爲了他,三十年來她從來不曾談過一場戀愛,拒絕了所有人的青睐,隻爲了等他一個未來,可他竟然帶着别的女人在她面前耀武揚威,還眼睜睜地看着那個賤人羞辱她!
厲皓軒蹙眉,正要開口,手機卻先一步響了起來,順手接通,是特助楊甯。
“總裁,唐心怡過來了,我給她轟走了!”
“晚了。”厲皓軒冷笑一聲,挂了電話,冷聲開口:“你住哪個酒店,我叫人送你過去。”
“皓軒,你什麽……意思?”唐心怡的臉色在肉眼可見的速度變得蒼白,身子搖搖欲墜了兩下,手中的化妝品套盒摔落在地。
沒錯,她就是故意的,那個賤人把她當成什麽了?一套化妝品?她沒錢買嗎!
厲皓軒皺眉,走過去将套盒拿起來,仔細了檢查一番,确定裏面的東西沒有碎,這才放心了不少。
男人的每一次仔細入微的觀察神色,好像那套化妝品套盒禮物就是童詩本人一樣,像一個個又響又亮的耳光,啪啪啪的扇在唐心怡的上臉,令她覺得那麽難堪。
“好歹、好歹我忙了一下午,還親自下了廚,你總要讓我……”她用手捂着唇,眼淚嘩啦啦地直流,哽咽道。
“今天是家宴,不方便。”厲皓軒拿出手機,給住在别墅偏棟的司機發短信:【馬上過來。】
“什、什……麽?!家宴?不方便?”唐心怡瞪大雙眼,雙眼紅紅的,兩行淚挂在保養的很好的臉蛋上。
任何男人見了這幅羸弱受傷的樣子,都會覺得我見猶憐。
“不管你怎麽進來的,以後記住,這裏不是你出現的地方。”厲皓軒不耐煩地重複,語氣近乎冷漠,看了看樓梯,發現上面沒什麽動靜,“至于你剛剛說的要訂婚,跟我沒有關系。聽清楚了?”
唐心怡心底重重一疼,垂在身側的雙手開始顫抖,說不出任何話,卻隻感覺他是在抽自己的臉。
厲皓軒看到她的樣子,莫名地就想起五年前那些破爛事,當即臉色肅冷。
“這一次,念你是厲皓甯的朋友,我不追究。現在請你離開,我不想我女朋友誤會。”他沒了耐心,也不知道小丫頭和他兒子在做什麽,相處的好不好。
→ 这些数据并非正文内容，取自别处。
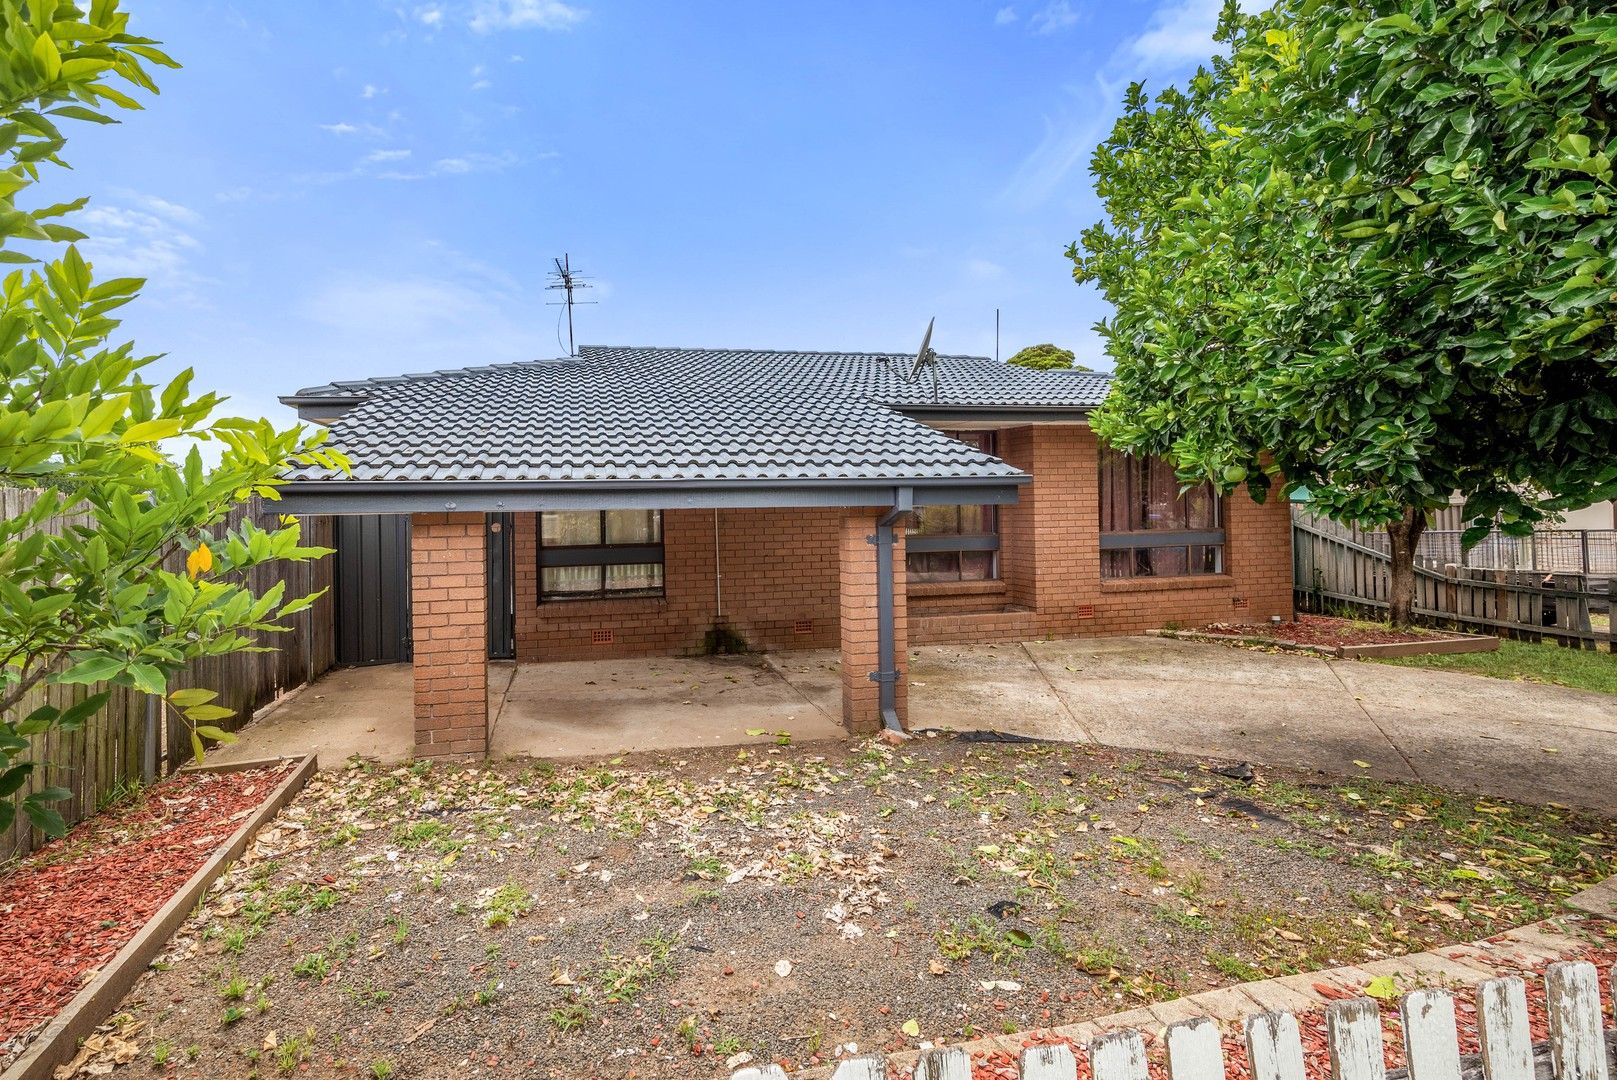 3 bedrooms House in 10 Kew Way AIRDS NSW, 2560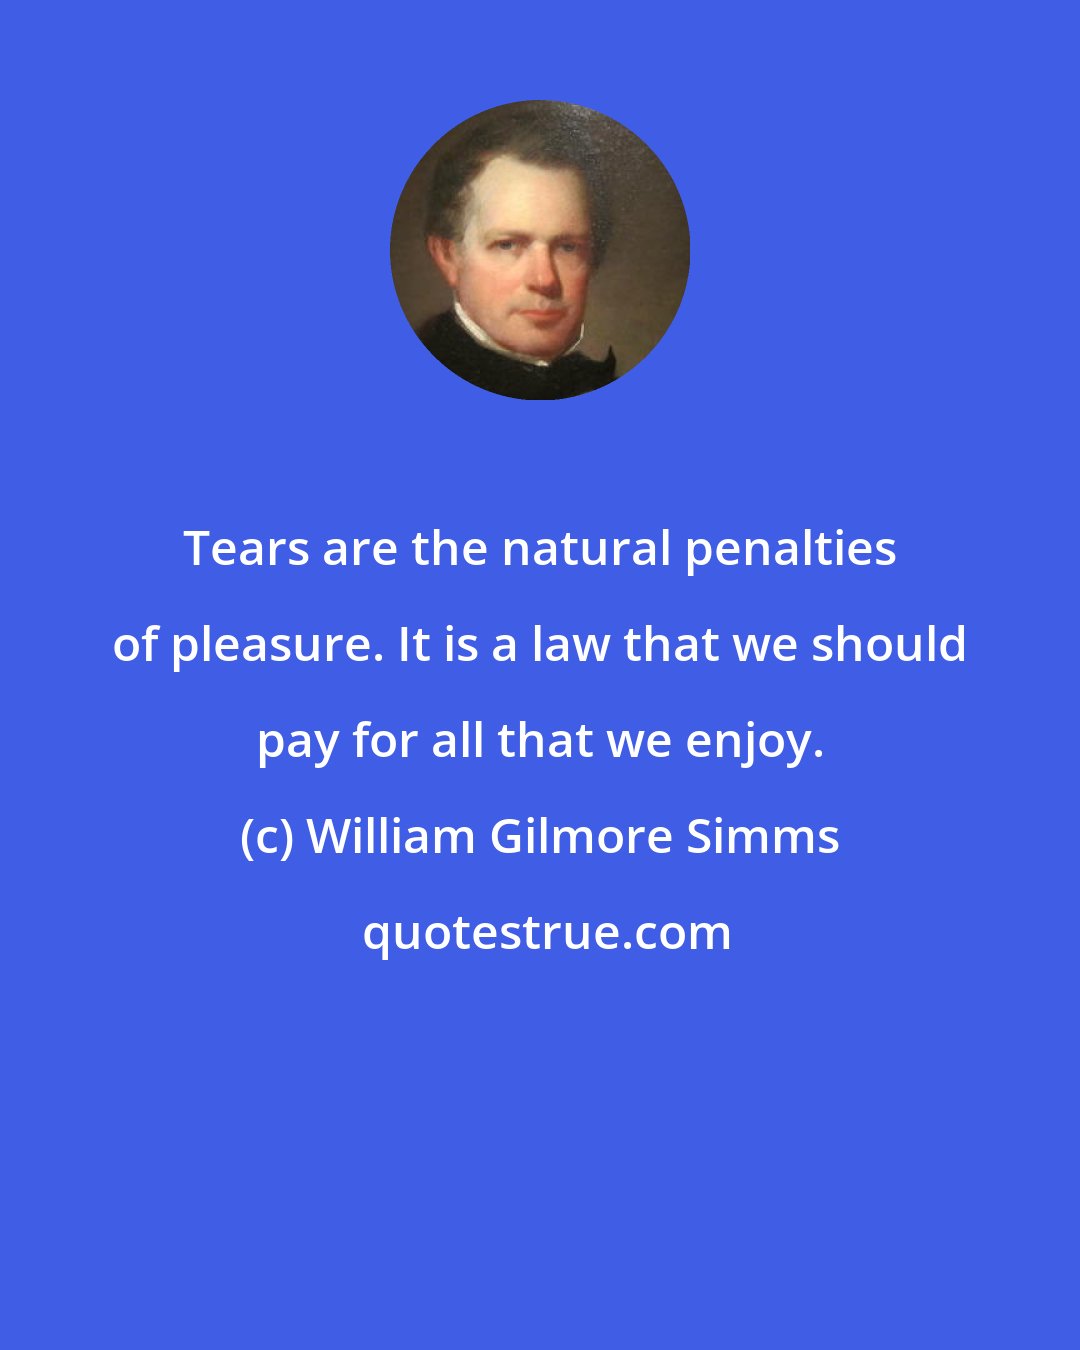 William Gilmore Simms: Tears are the natural penalties of pleasure. It is a law that we should pay for all that we enjoy.

“厲皓甯的朋友?你一直都這麽看我?”那一刻,唐心怡地心都碎了,“我愛你那麽多年,你隻當我是你姐的朋友?”
“難道我表現的不明顯?看來五年前的拒絕沒有令你印象深刻!”厲皓軒陰鸷一笑。
天和地仿佛都調轉了九十度,唐心怡仿佛整個人被毫不留情地丢進了北冰洋中,與沉溺不盡的寒冷融爲一體。
五年前的那一幕,深刻無比!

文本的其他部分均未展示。